I say this because it has become very clear that in the last half-century or so the Church has changed enormously, to the extent that it is in some ways almost unrecognisable. Much of this change has supposedly come about in order to enable our mission to the modern world, and here at least it has clearly not been a success. Parishes in most denominations which were flourishing even twenty years ago are now on their last legs, many have already passed into oblivion, and more will be following soon.
Numbers may not be everything, but without them there is nothing – certainly no viable parishes. People and money are essential to the life and work of the Church, and both are now in critically short supply. No doubt the rural downturn has contributed to the decline; the same with the movement of population – and especially the young – to the north, not to mention across the Tasman and further afield. Likewise the changes in our culture and in the way we live have been both very great and very fast. Television, different working hours, Sunday sport, consumerism, the debt economy, computers and the internet have created a world which could hardly have been imagined a generation ago.
And there is the intellectual climate in which we all live and breathe – for good and ill. I have thought for years that we have become quite hopeless at justifying, let alone recommending, the Christian faith to those who do not share it. For all our endless talk about mission, not to mention a ‘mission-shaped Church,’ we clearly haven’t a clue how to go about it. Indeed, it is obvious that often we have no real interest in mission at all – just in survival. We want to perpetuate the life of the institution, but what the purpose of the institution is in the first place, about that we have conflicting and not very clear ideas. Not only do we not know what we are selling – we have no real knowledge of the market either. Thus Professors Geering and Dawkins (to mention but two) can walk all over us, and when we dare to speak up at all, it is usually only to concede that they are making some good points, and that the free expression of opinions is a very good thing.
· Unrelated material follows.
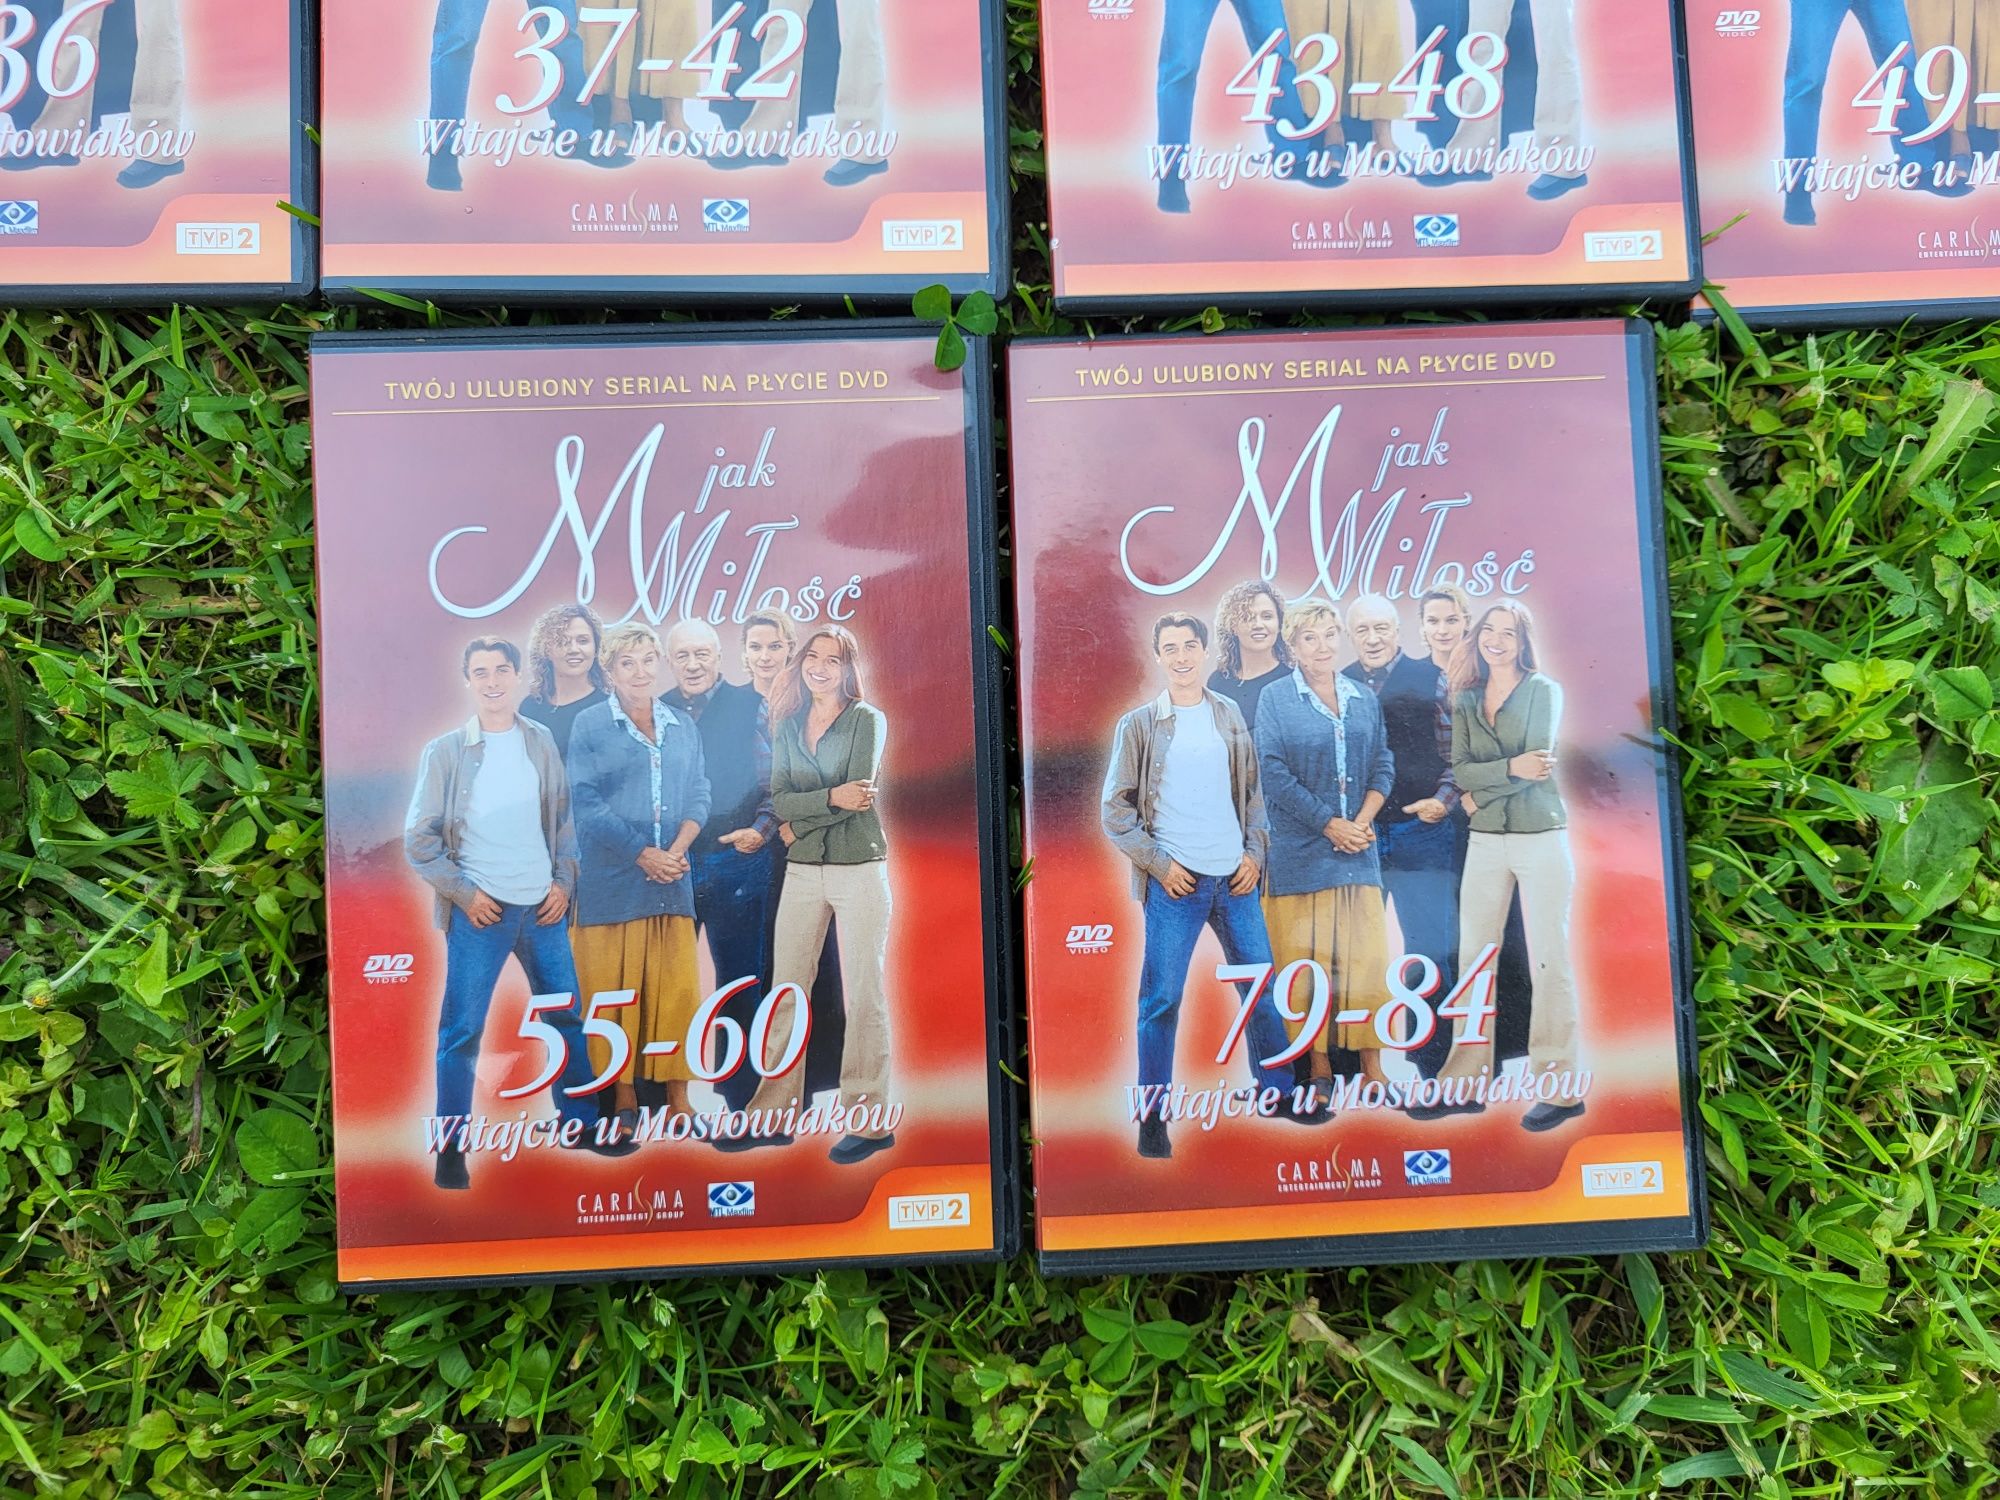 Film serial DVD M jak miłość 1-60, 79-84

While acknowledging the importance of our changed circumstances, we have not really understood them. Most of all, we have not grasped a number of very important points:1. Most people need meaning in their lives. They need to believe that the universe – and their place in it – make sense. Christianity provided this in the western world until the last couple of centuries or so. And it did so because it was believed to be in harmony with human experience. But once experience was thought to be at odds with theology, not surprisingly, problems arose. It became a question of one or the other, either Galileo or the Inquisition, either Darwin or Genesis. And when Galileo and Darwin turned out to be a lot kinder (i.e. Christian) than those who opposed them, then the damage was done. Furthermore, the sacredness of human life appeared to be badly undermined by Darwin, Marx and Freud and their disciples. Darwin desacralised the world, Marx desacralised the community, and Freud desacralised the human personality. Instead of being planned and inspired by God, all three became the products of blind and impersonal forces. Not a lot of meaning and significance was left to human existence after that!
2. Much of religion is often nothing more noble than magic, that is to say, a means of controlling life, of being useful. Christianity has been largely ousted from this role by science, and it is in the latter that most of our contemporaries in the west now put their faith. They have not lost faith as such, on the contrary their faith is flourishing, it’s just been transferred to another system of belief – witness their unquestioning acceptance of such things as quantum theory or general relativity, neither of which the vast majority of them can know anything about. It’s just that the ability to control life (such as it is) is now supplied by another set of presuppositions. Where some vestige of the magic is believed to linger – as in the healing activities (or otherwise) of people like Oral Roberts or Benny Hinn – then popular enthusiasm is more likely to follow. The same goes for the Crystal Cathedral and even Joyce Meyer, whose take on Christianity people clearly find useful in running their own lives.
3. And it’s not just that we have allowed God to be little more than a ghost of himself. We have done the same to ourselves. We are embarrassed by our immortality. We are hesitant to proclaim that we were designed and made for a glorious eternity beyond the grave. So the the very reason for the Gospel – the abolition of death by an Incarnate God who died and rose again – is no longer at the very heart of our proclamation and our public faith. As the Orthodox Liturgy says, Christ has died trampling down death by death. Before everything else, that is what Christianity is all about. I wonder if you agree?